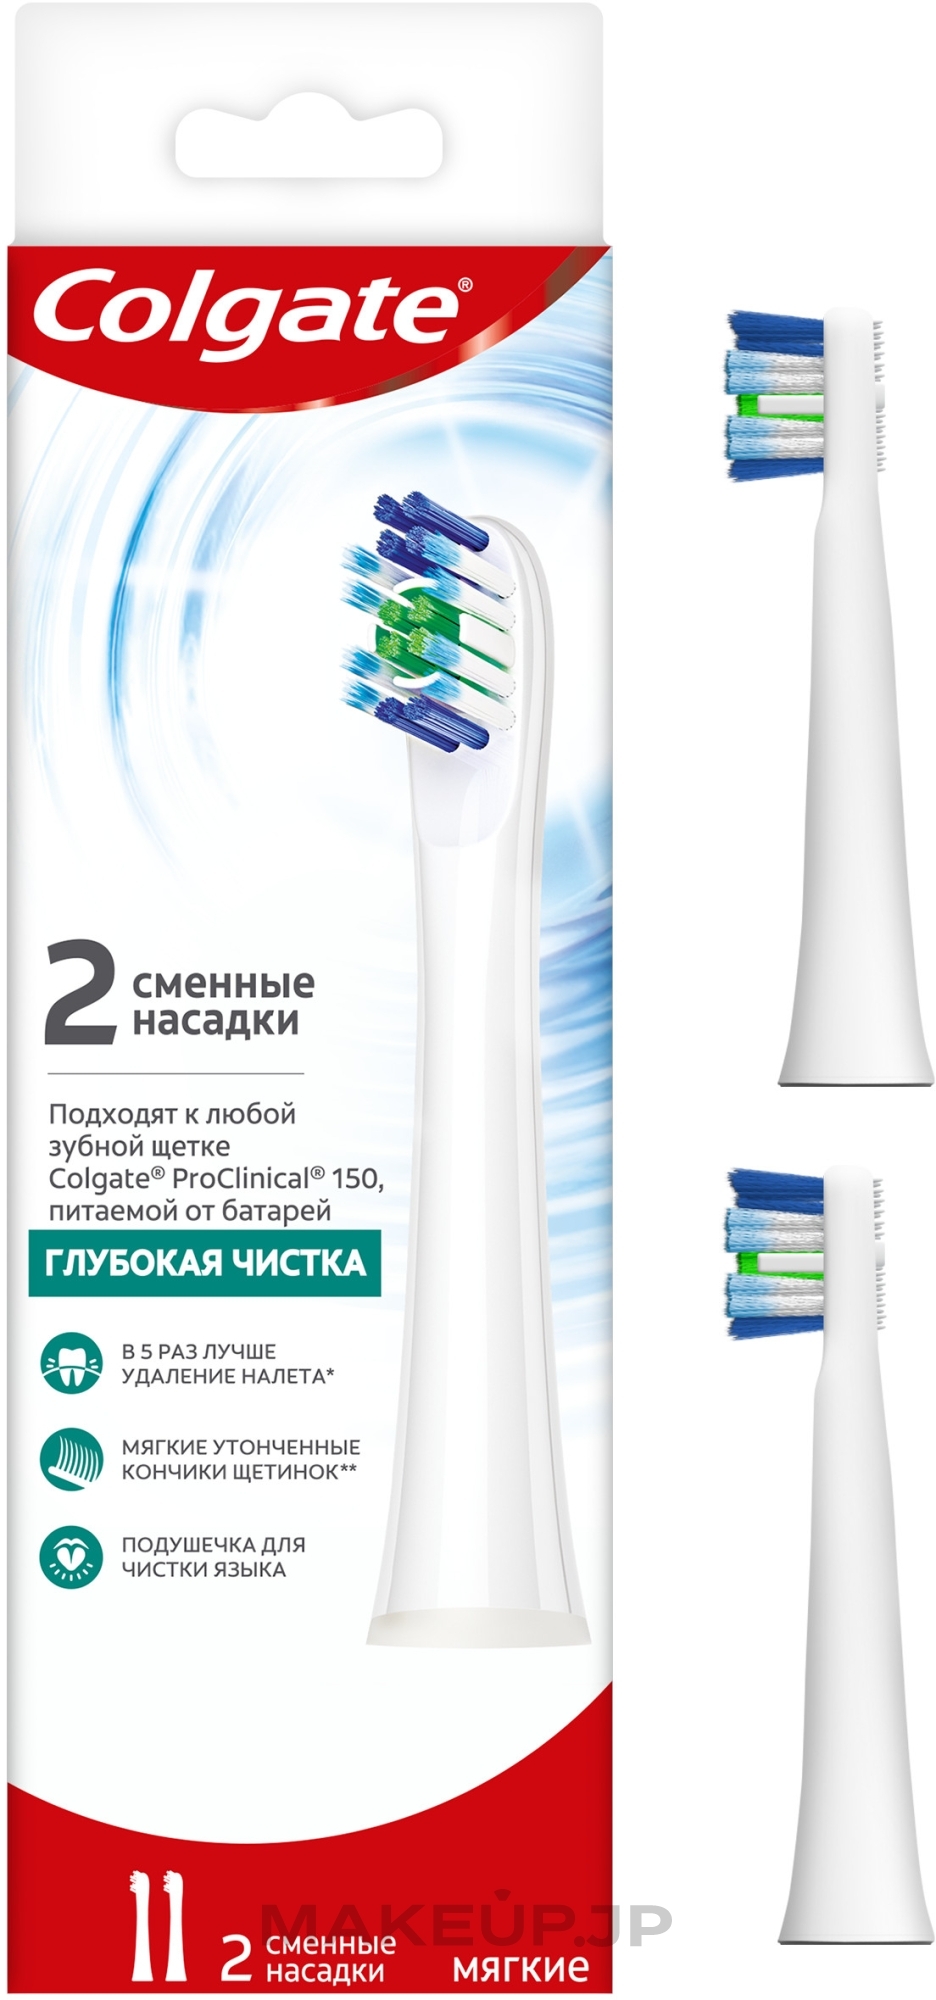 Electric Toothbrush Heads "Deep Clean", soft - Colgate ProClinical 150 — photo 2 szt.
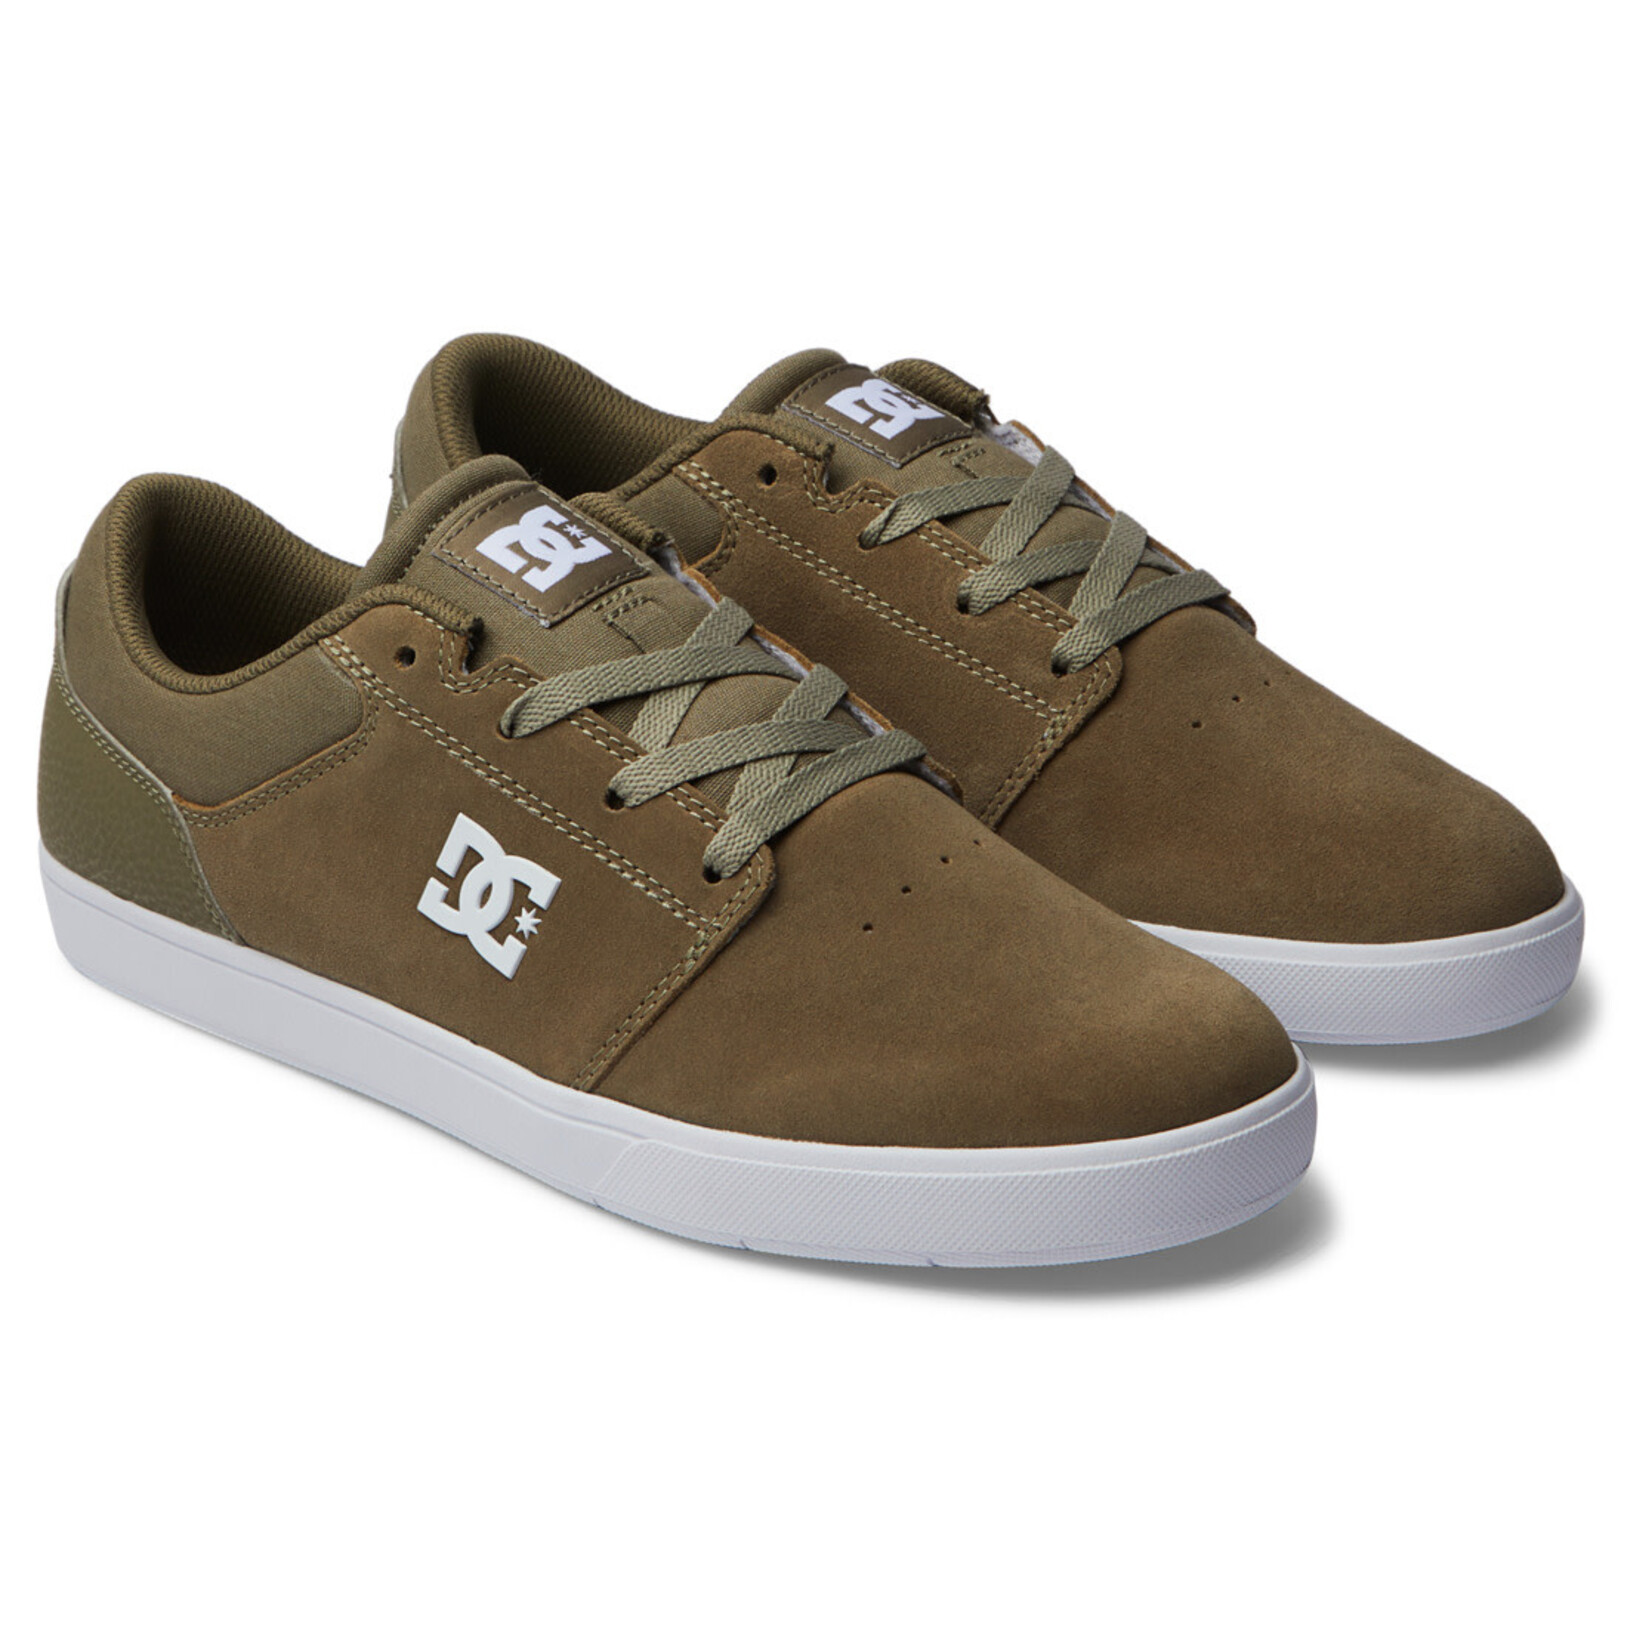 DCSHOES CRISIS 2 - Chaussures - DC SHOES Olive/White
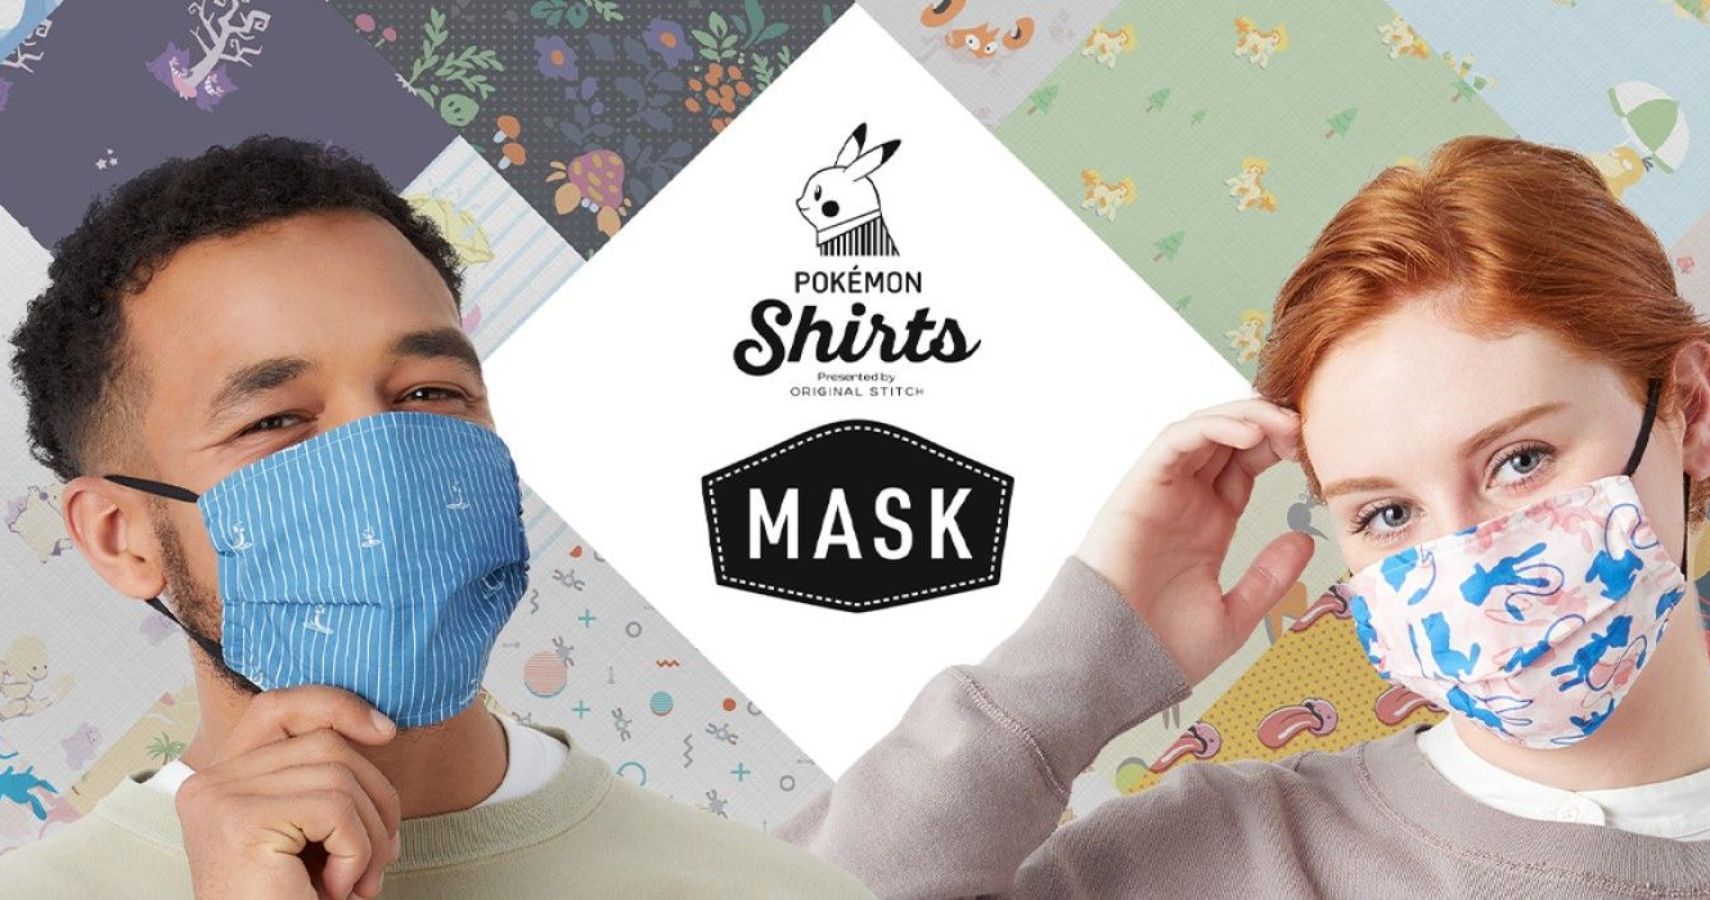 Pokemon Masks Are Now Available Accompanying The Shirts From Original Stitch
--- --- ---
### Exercise brief
Here the lines from the one with "DCSHOES CRISIS 2" through the last line of the data above need to be repeated exactly, both included, and any picture omitted.

### Written answer
 DCSHOES CRISIS 2 - Chaussures - DC SHOES Olive/White
 Pokemon Masks Are Now Available Accompanying The Shirts From Original Stitch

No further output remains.